Note: If you need to re-process the same data back into the same workspace, you need to do so through a new processing set with a deduplication method of None. This will ensure that if you’d previously set deduplication to Global or Custodian in your original processing set, the documents in the new set will get published to your workspace. If you previously didn’t have deduplication set to Global or Custodial, you can simply run the new processing set. If you previously selected either Global or Custodial, then you need to perform the Processing Deduplication Workflow procedure . This procedure will identify duplicates and remove them by either securing or deleting those records.

Order considerations

The Order field determines:

  • The job priority of the data source within a given processing set when the set is submitted to the queue (e.g., for discovery or publication). For example, a data source with a lower order number assigned is discovered and/or published before a data source with a higher order number assigned in a given set.
  • Changing the order of a data source has no effect on the priority of the processing set. This means that if you set the order of a data source in one processing set to a higher priority than all of the data sources in another processing set, the priorities of the processing sets won't be modified.
  • The priority of deduplication if you select a deduplication method other than None. For example, if Global deduplication is specified for a processing set, the data source with the lowest order number assigned would be designated as the primary data source. This means that all duplicate files in higher-ordered data sources would be deduplicated out against the files in the “primary” source. Any files in the source with the lowest order number assigned would not be removed via deduplication.

Note the following about the Order field:

  • It isn't editable after you publish the files in this data source.
  • If two data sources have the same order, or if you don't specify an order, Relativity sorts them by their system-assigned artifact ID number. At the time of publish, if two data sources have the same order, or if you don't specify an order, deduplication order is also determined by Artifact ID.
  • You can change the priority of data sources in the worker manager queue. If you change the priority of a publish or republish job, you also update the priorities of all other jobs associated with the same data source. When you change the priority of a publish or republish job, Relativity respects the deduplication method used by the processing set containing the modified data sources.
  • This value should always be lower than the maximum allowable integer of 2,147,483,647. If this is at or higher, subsequent data sources will have a negative order value.
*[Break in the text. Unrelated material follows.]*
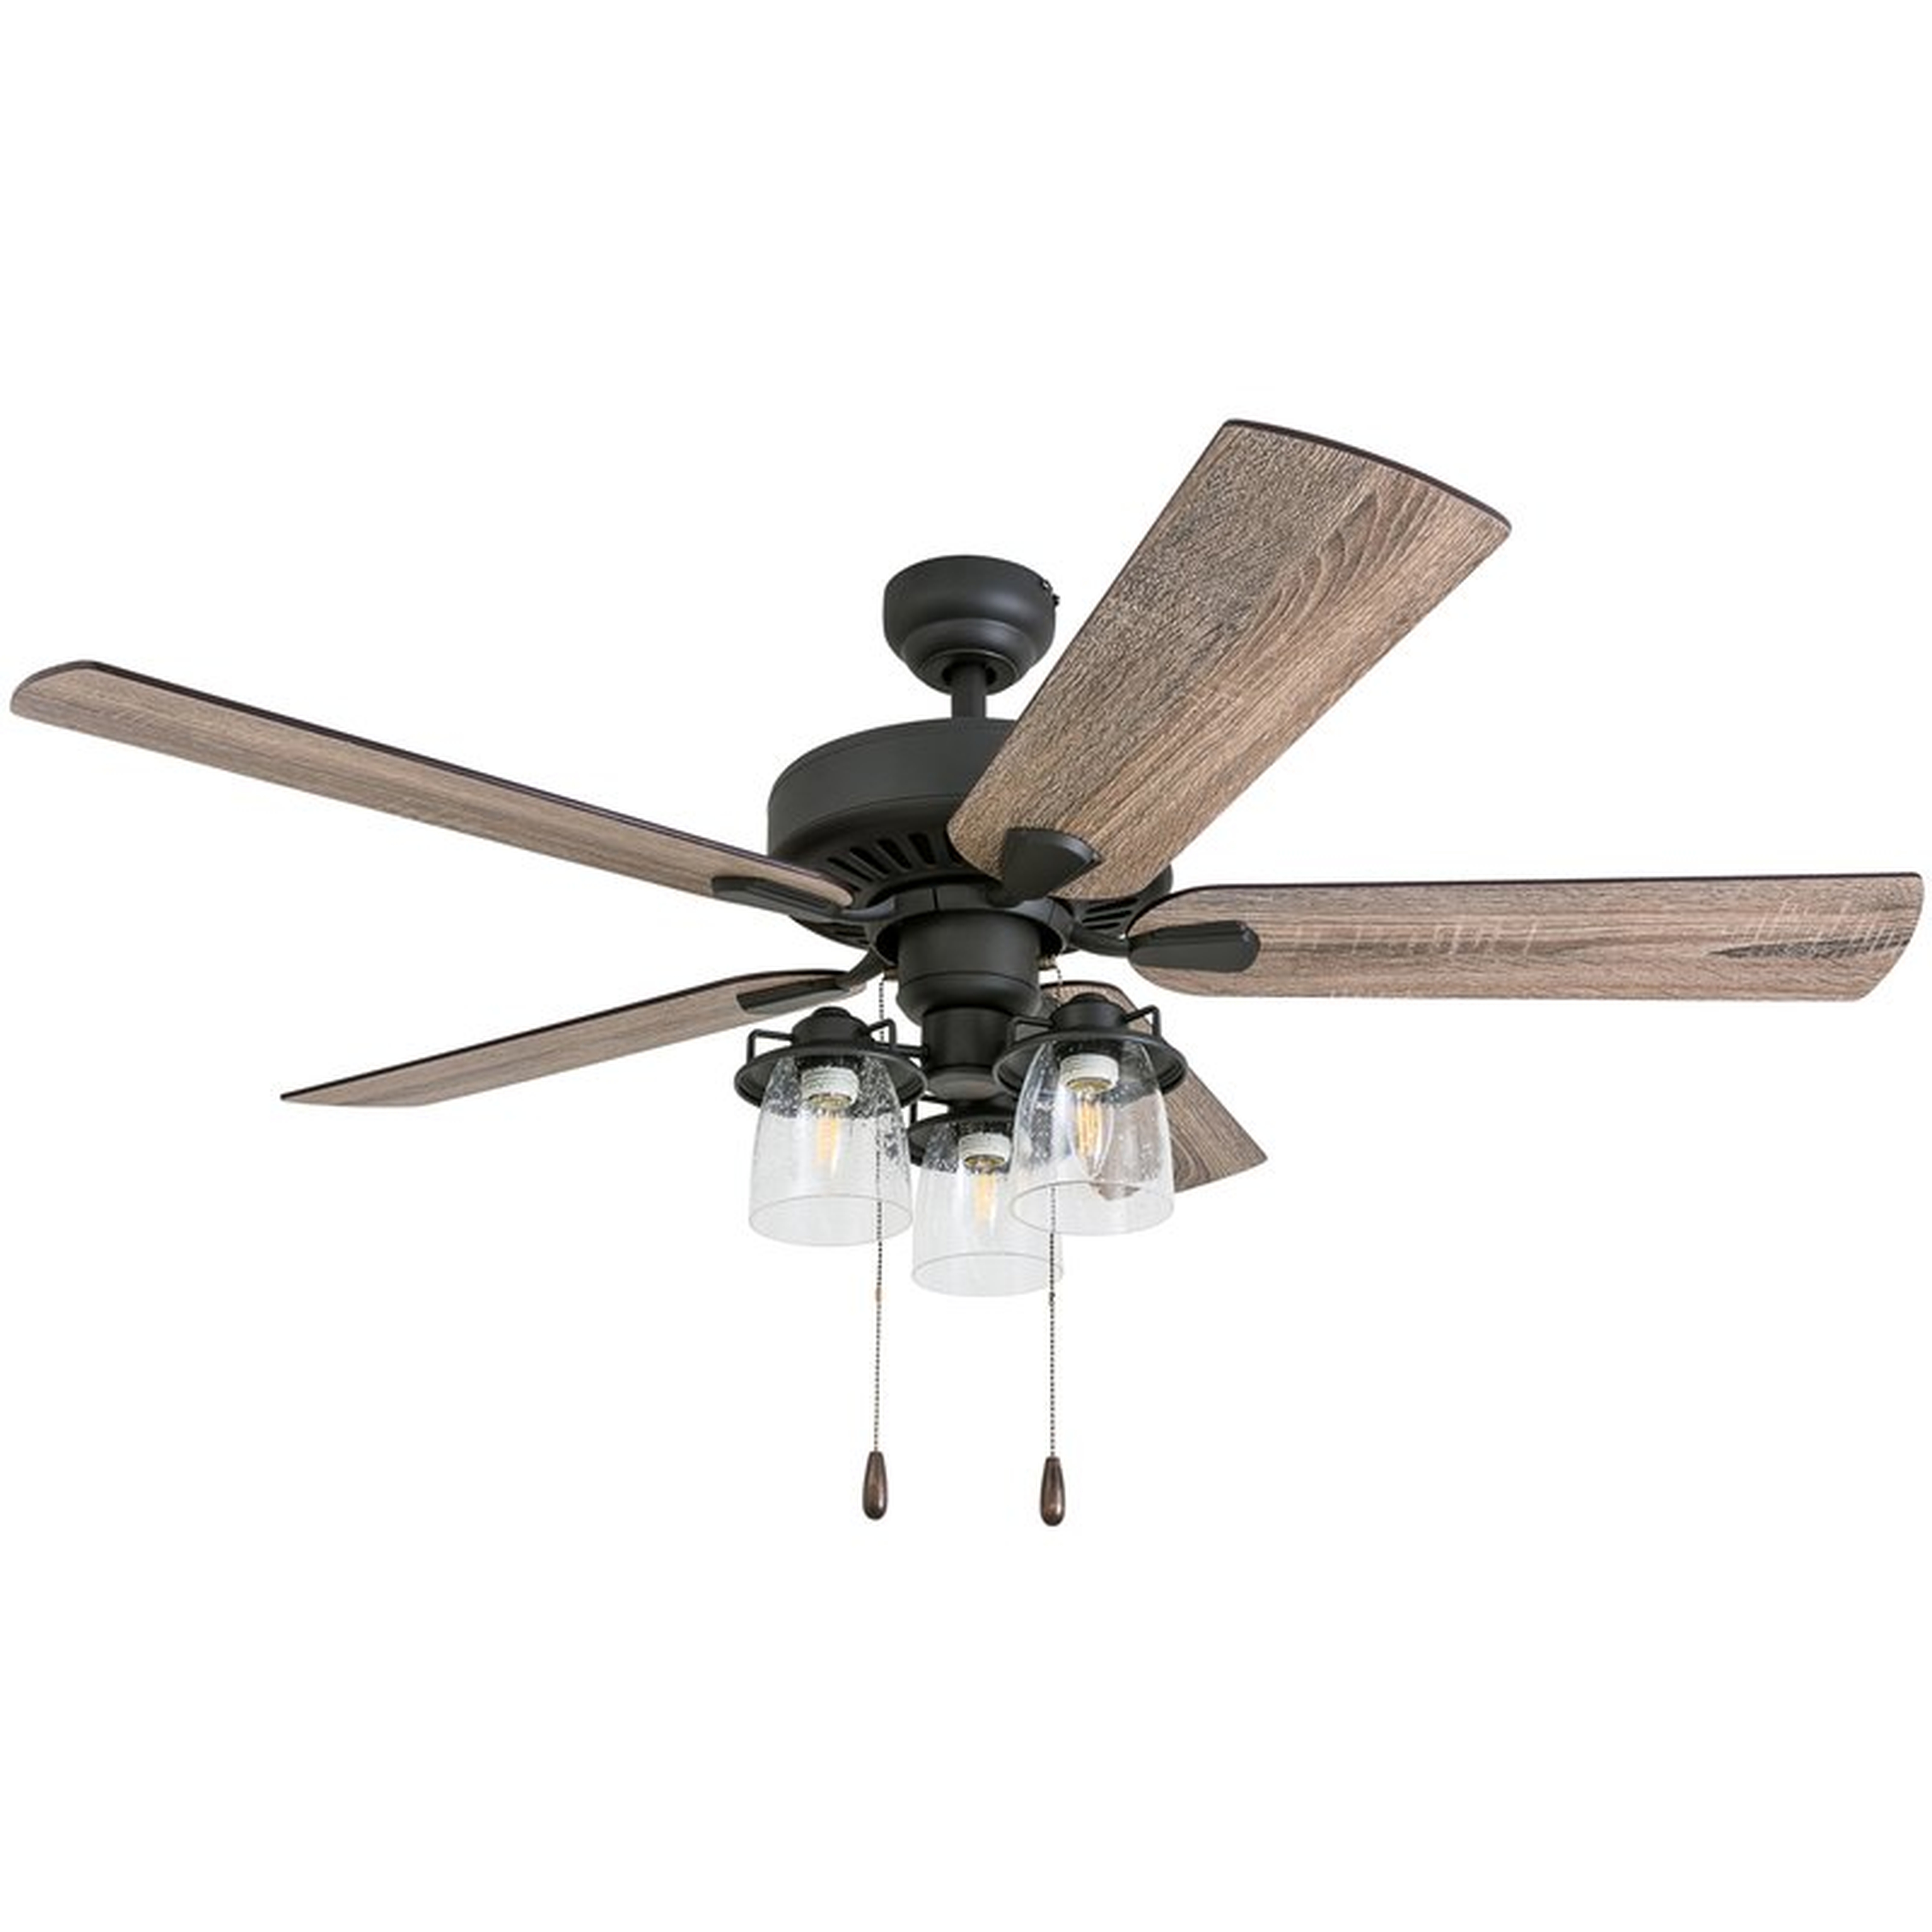 52" Sudie 5 Blade LED Ceiling Fan - with remote - Wayfair

Edit considerations for data sources

Note the following guidelines for modifying data sources:

Note: If you've started a processing job with a priority value that is higher than 1, and you want to start and finish a Mass Save as PDF job before that processing job completes, you must go to the Worker Manager Server and manually change the priority of the Single Save as PDF choice to be lower than any of the processing choices (Inventory, Discovery, and Publish). Setting the priority of a Mass Save as PDF job must be done before the job begins for it to finish before other processing jobs. For details, see Worker manager server.

  • You can't add or delete a data source to or from a processing set if there's already a job in the queue for that set or if discovery of that set has already completed.
  • If you add a data source to a processing set that has already been inventoried but not yet discovered, you must run inventory again on that processing set.
  • If you edit a data source that is associated with a processing set that has already been inventoried but not yet discovered, you must run inventory again on that processing set.
  • If you delete a data source from a processing set that has already been inventoried but not yet discovered, you must run inventory again on that processing set.
  • If the processing set to which you've added a data source has already been inventoried, with or without errors, but not yet discovered, you're able to edit all fields on that data source; however, you must run inventory again on that processing set after you edit the source.
  • If the processing set to which you've added a data source has already been discovered, with or without errors, you can only edit the Name and Document numbering prefix fields on that data source.
  • If the processing set to which you've added a data source has already been published, with or without errors, you can only edit the Name field on that data source.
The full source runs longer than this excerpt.